_Task brief:_ Down to the last line, set down the material below exactly; skip the pictures.

_Dataset excerpt:_
----

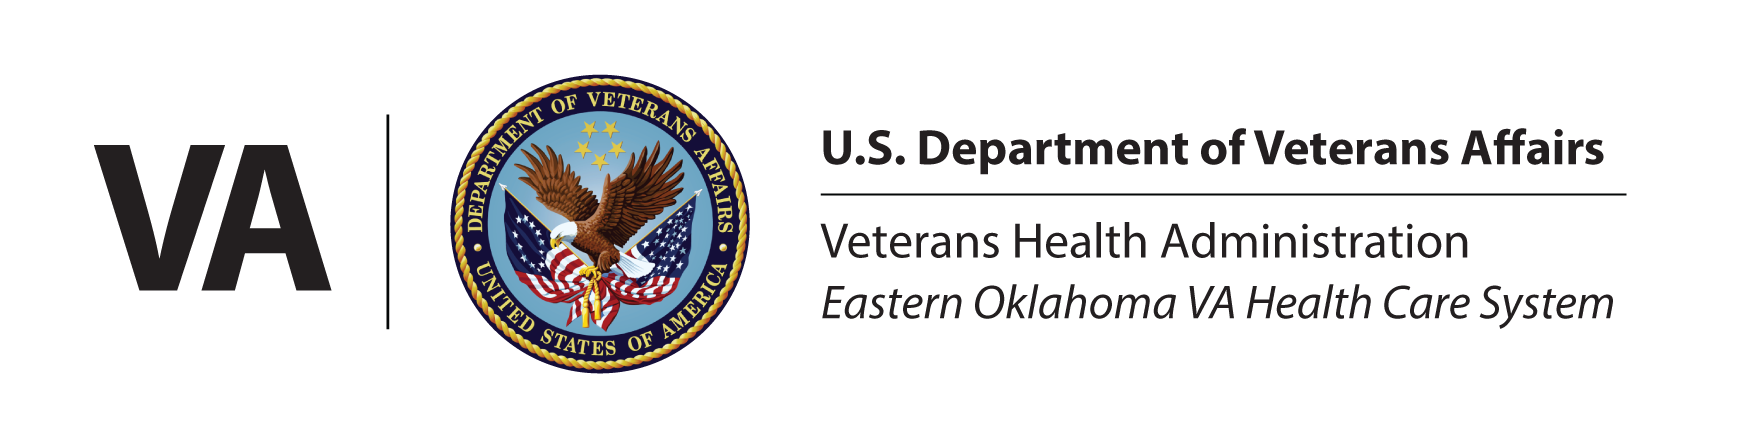 Eastern Oklahoma Veteran Administration Healthcare System Oklahoma
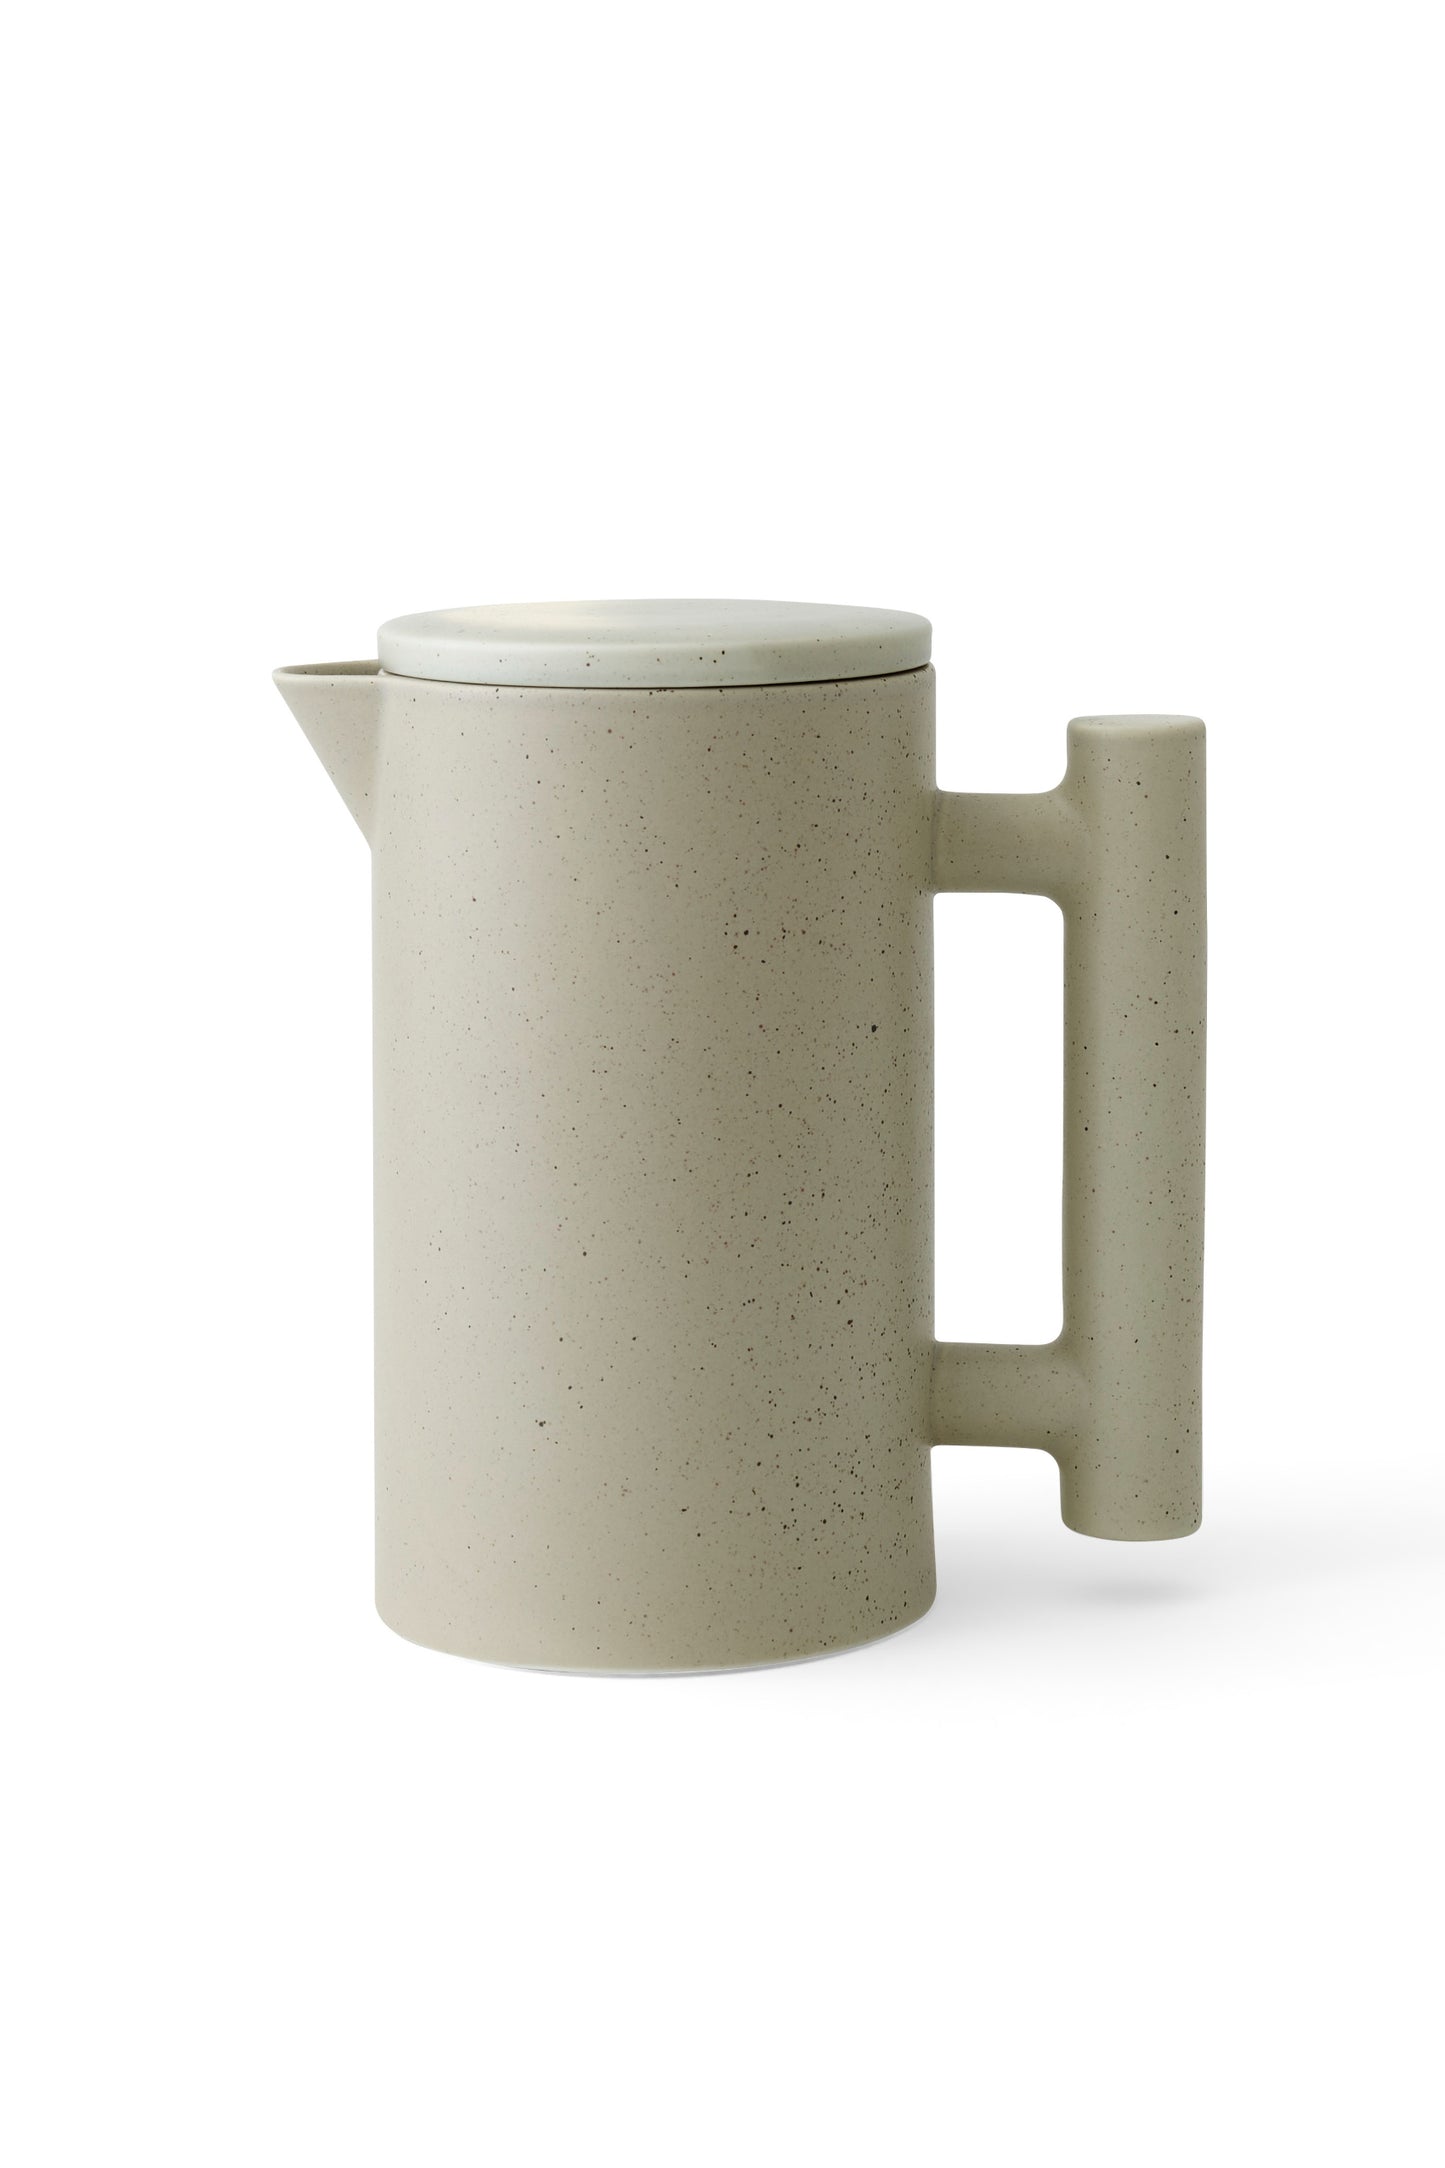 Tea coffee brewing pot ceramic speckled grey minimal look
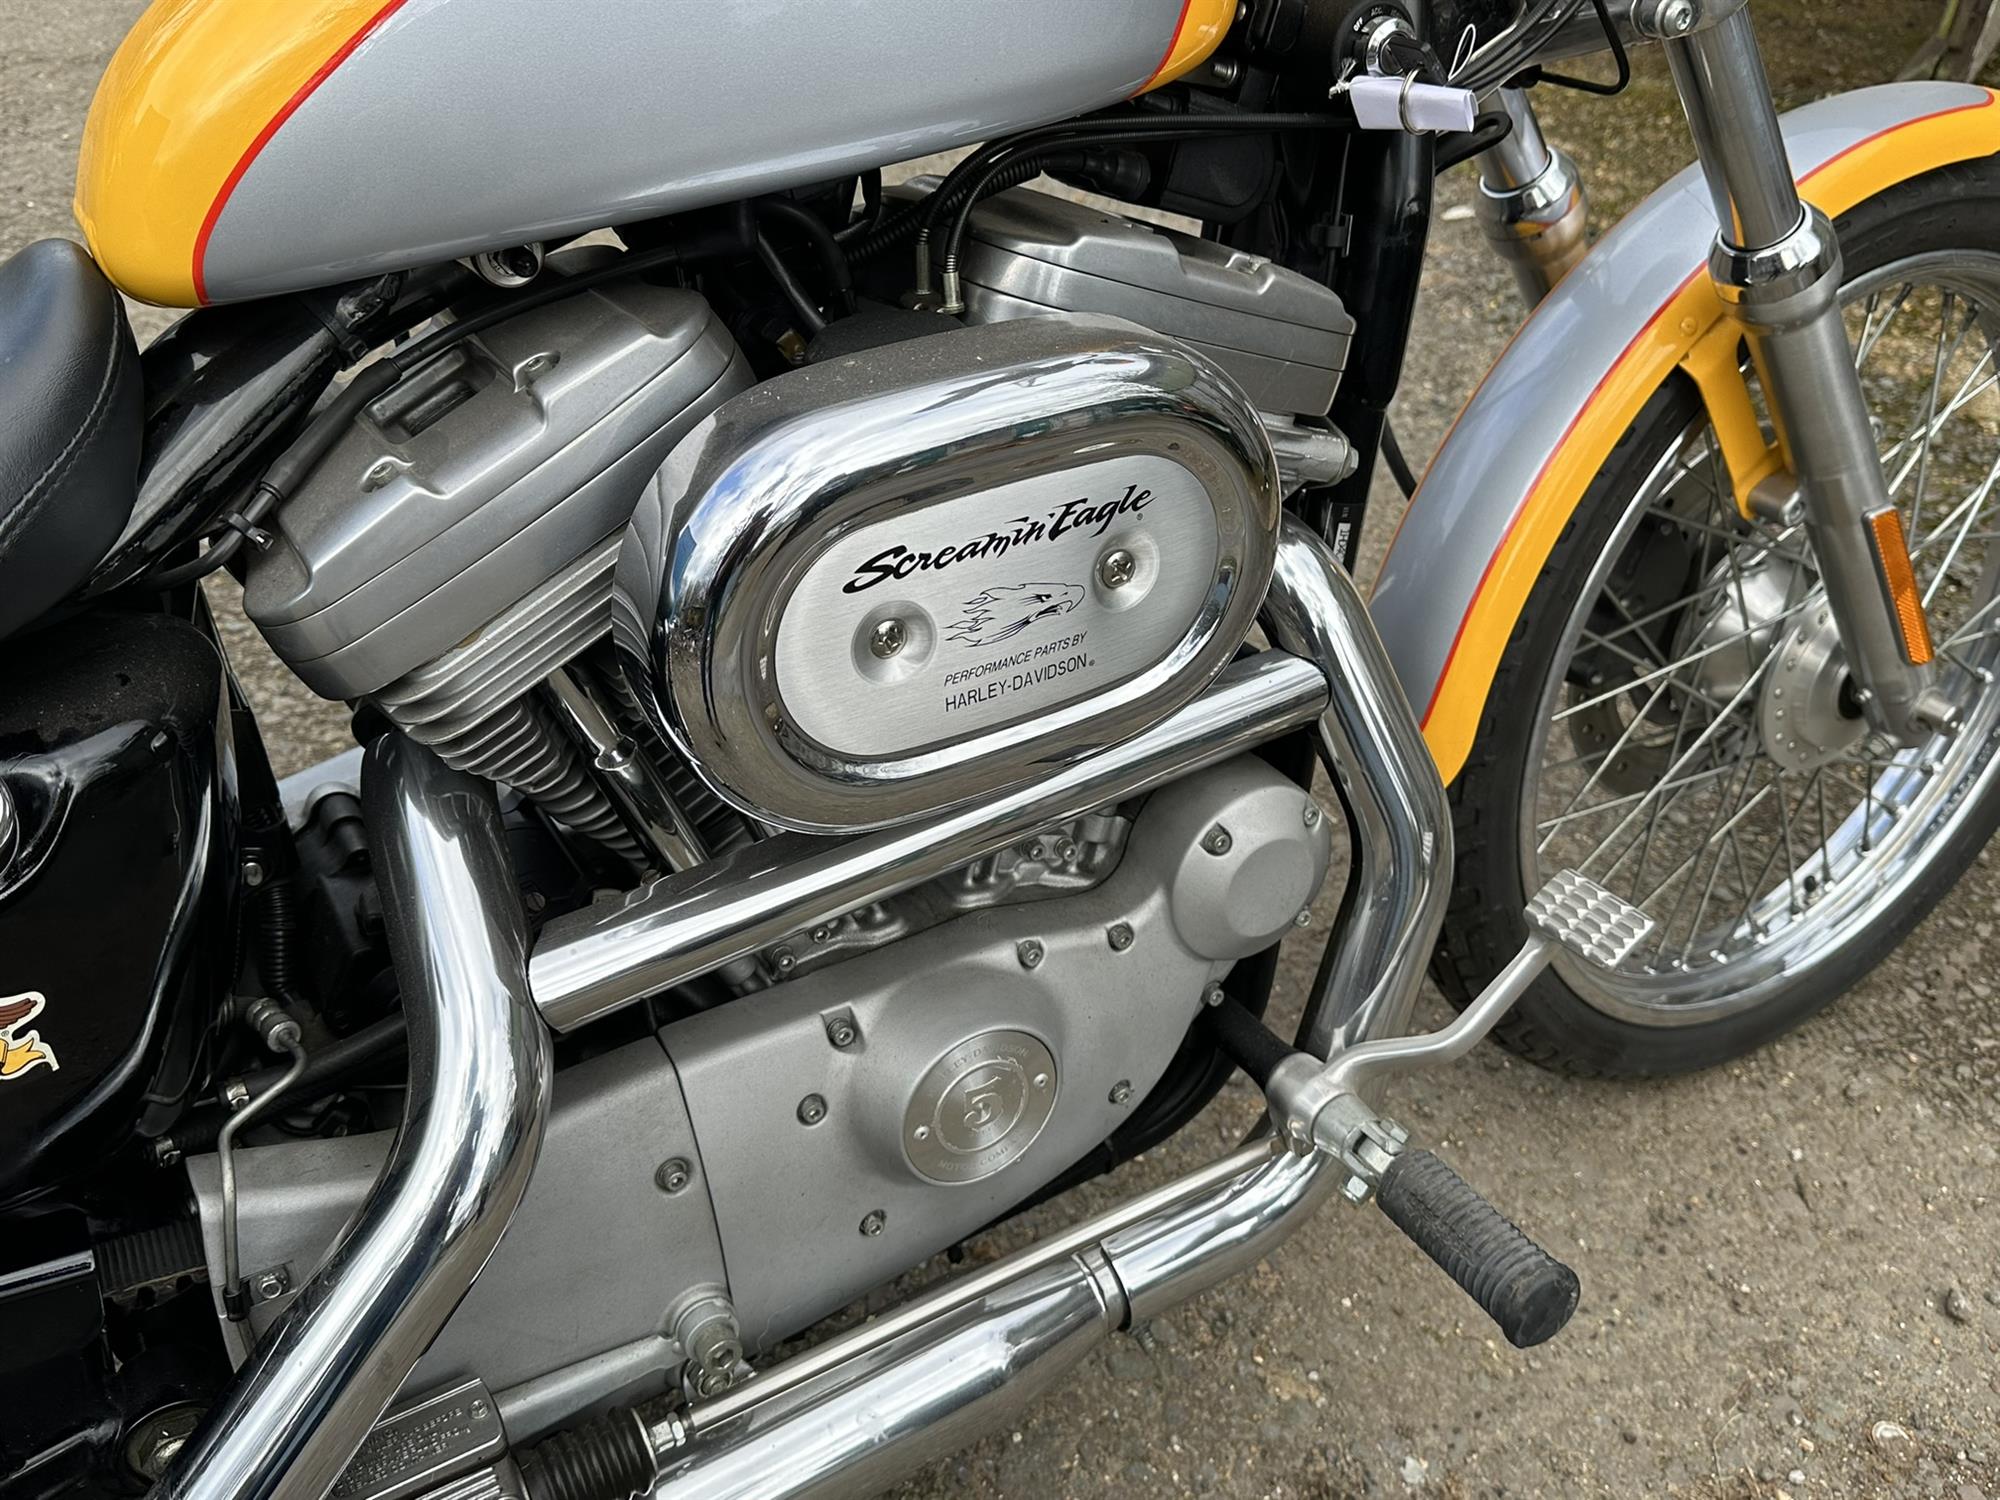 2000 Harley Davidson XL883c Sportster 883cc - Image 3 of 7

----

_Answer to this exercise:_
 Eastern Oklahoma Veteran Administration Healthcare System Oklahoma
 Tea coffee brewing pot ceramic speckled grey minimal look
 2000 Harley Davidson XL883c Sportster 883cc - Image 3 of 7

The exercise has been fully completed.